Let T(k) be the transformation x -> k/(1-x).
For certain values of k T(k) defines a cyclic group. For example,
for k = 1 we have the sequence {x, 1/(1-x), x-1/x}.
Oddly enough the only rational values of k for which T(k)
defines a cyclic group are 1, 1/2, and 1/3. Please explain why.

### Solution

Let Q(n,x,k) be the sequence generated by T(k) where
```
Q(1,x,k)=x,
Q(2,x,k)=k/(1-x),
...
Q(n+1,x,k)=k/(1-Q(n,x,k)).
```
It is readily seen that we have
```(1)     Q(n,x,k) = k*P(n-1,x,k)/P(n,x,k)
```
where P is the recurrence relationship defined by
```
(2)     P(0,x,k) = x/k
P(1,x,k) = 1
P(n,x,k) = P(n-1,x,k) - k*P(n-2,x,k)
```
Equation (2) holds for all x. In particular it holds for x=0; it suffices therefore to consider the recurrence
```        p(0,k) = 0
p(1,k) = 1
p(n,k) = p(n-1,k)-k*p(n-2,k)
```
The recurrence p can be expressed directly as
```(3)     p(n,k) = a1*x1**n + a2*x2**n
```
where x1 and x2 are the roots of the quadratic equation
```        x**2 - x + k = 0
```
and a1 and a2 are chosen so as to satisfy the initialization conditions. We observe that if the roots of (4) are real then there cannot be an infinite number of zeroes in the sequence p(n,k); ergo it is necessary that the roots be complex, which in turn implies that k>1/4.

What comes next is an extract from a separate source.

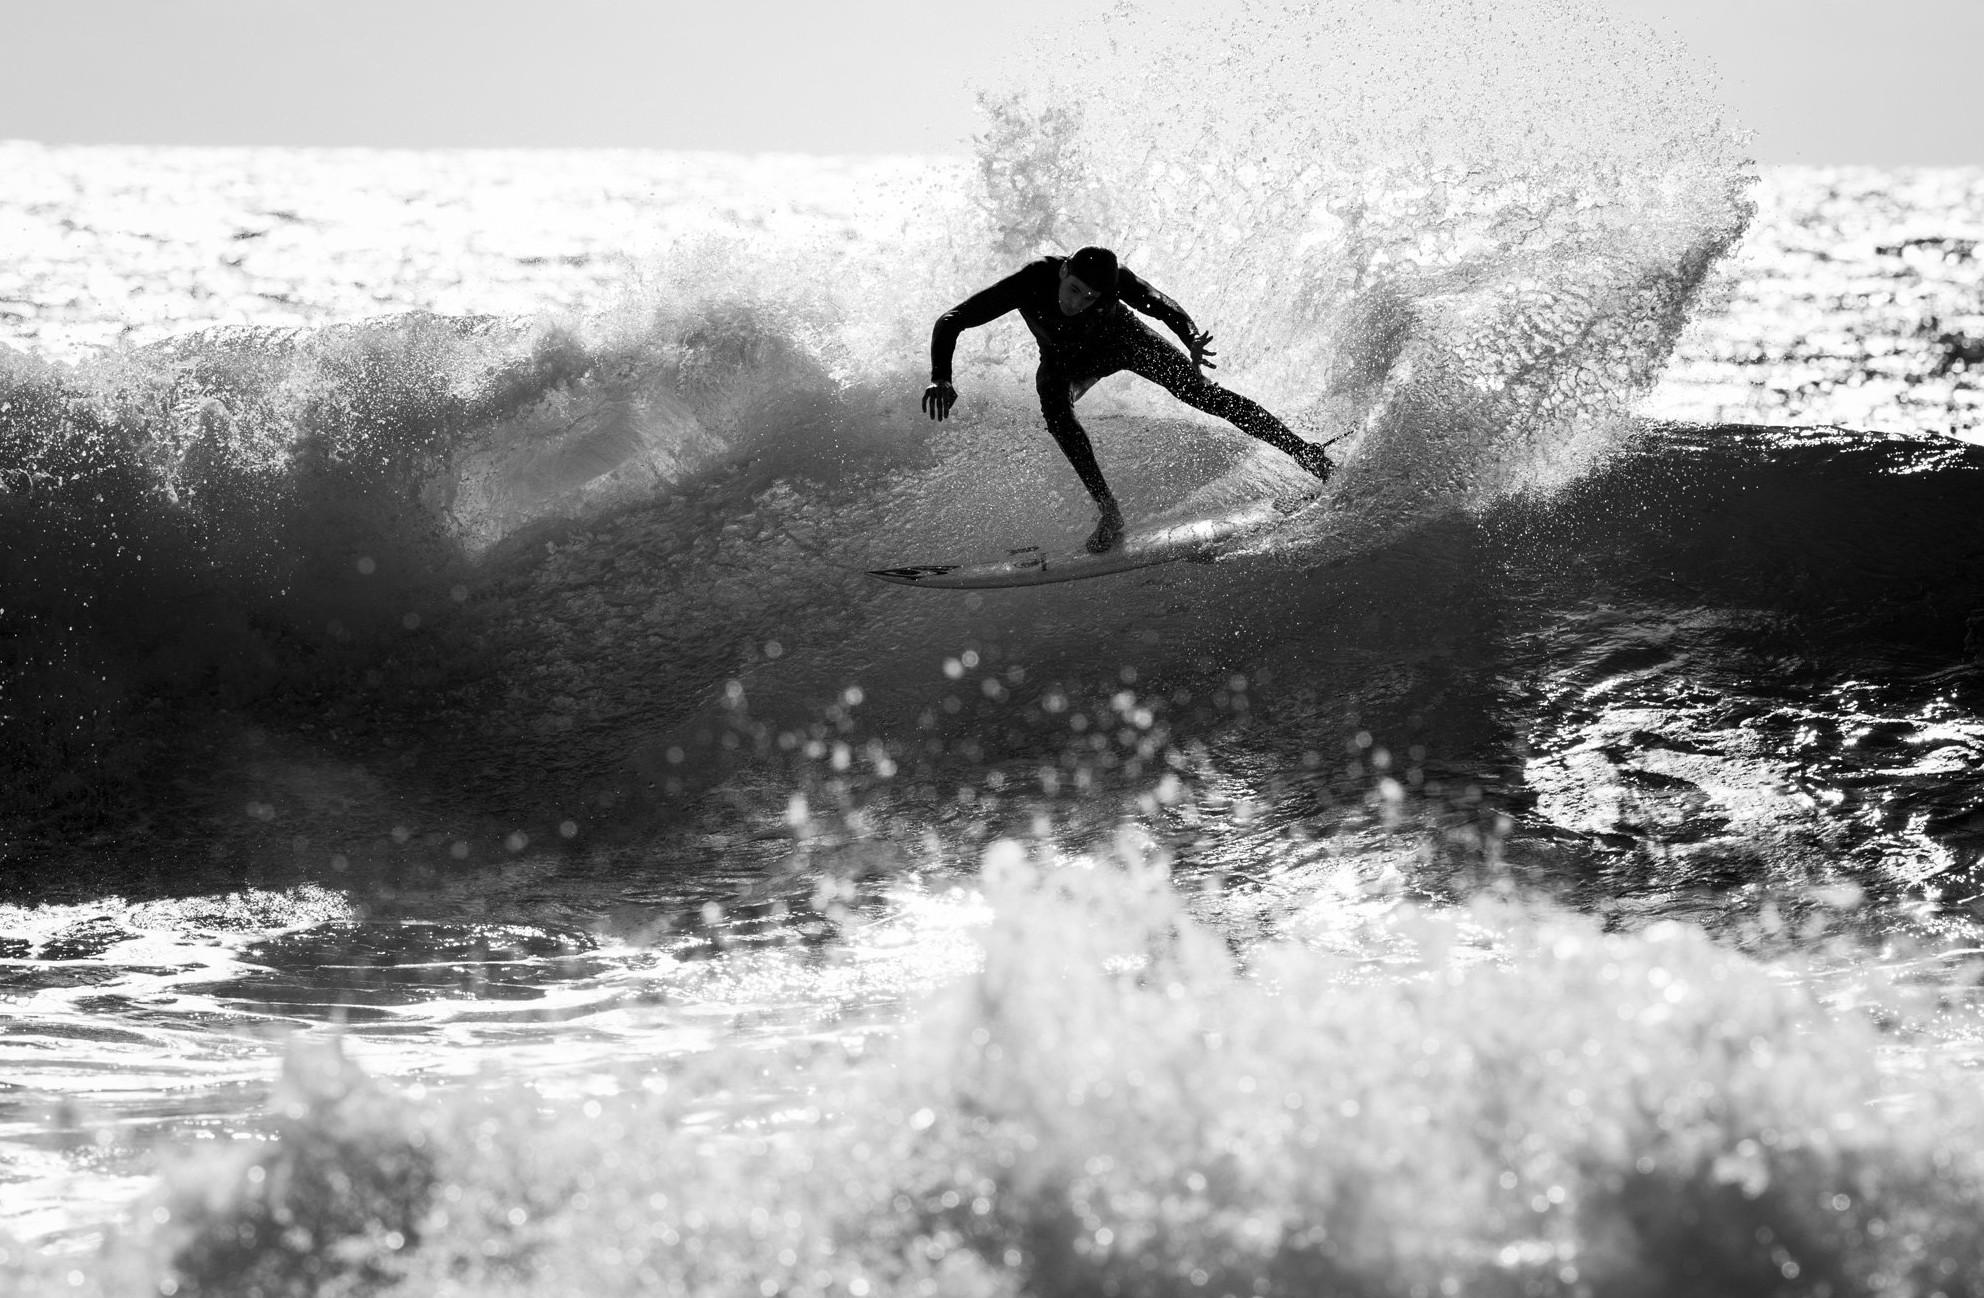 Mit solchen Cutbacks stehen Marcs Chancen nicht schlecht, bei der diesjährigen Surf DM seinen Titel zu verteidigen. Foto: Patrick Steiner Photography

Now consider the sequence of polynomials, p(n,k). The first few are

```        p(0,k) = 0
p(1,k) = 1
p(2,k) = 1
p(3,k) = 1-k
p(4,k) = 1-2k
p(5,k) = 1-3k+k**2
...
```
It is readily seen that they all have integer coefficients and that in each the leading term is 1. It follows that for k to be a rational root of p(n,k)=0 we must have k=1/m for some integer m. Since we have already shown that must be greater than 1/4 it follows that m must either be 1, 2, or 3. It is readily verified that each value of m defines a cyclic group.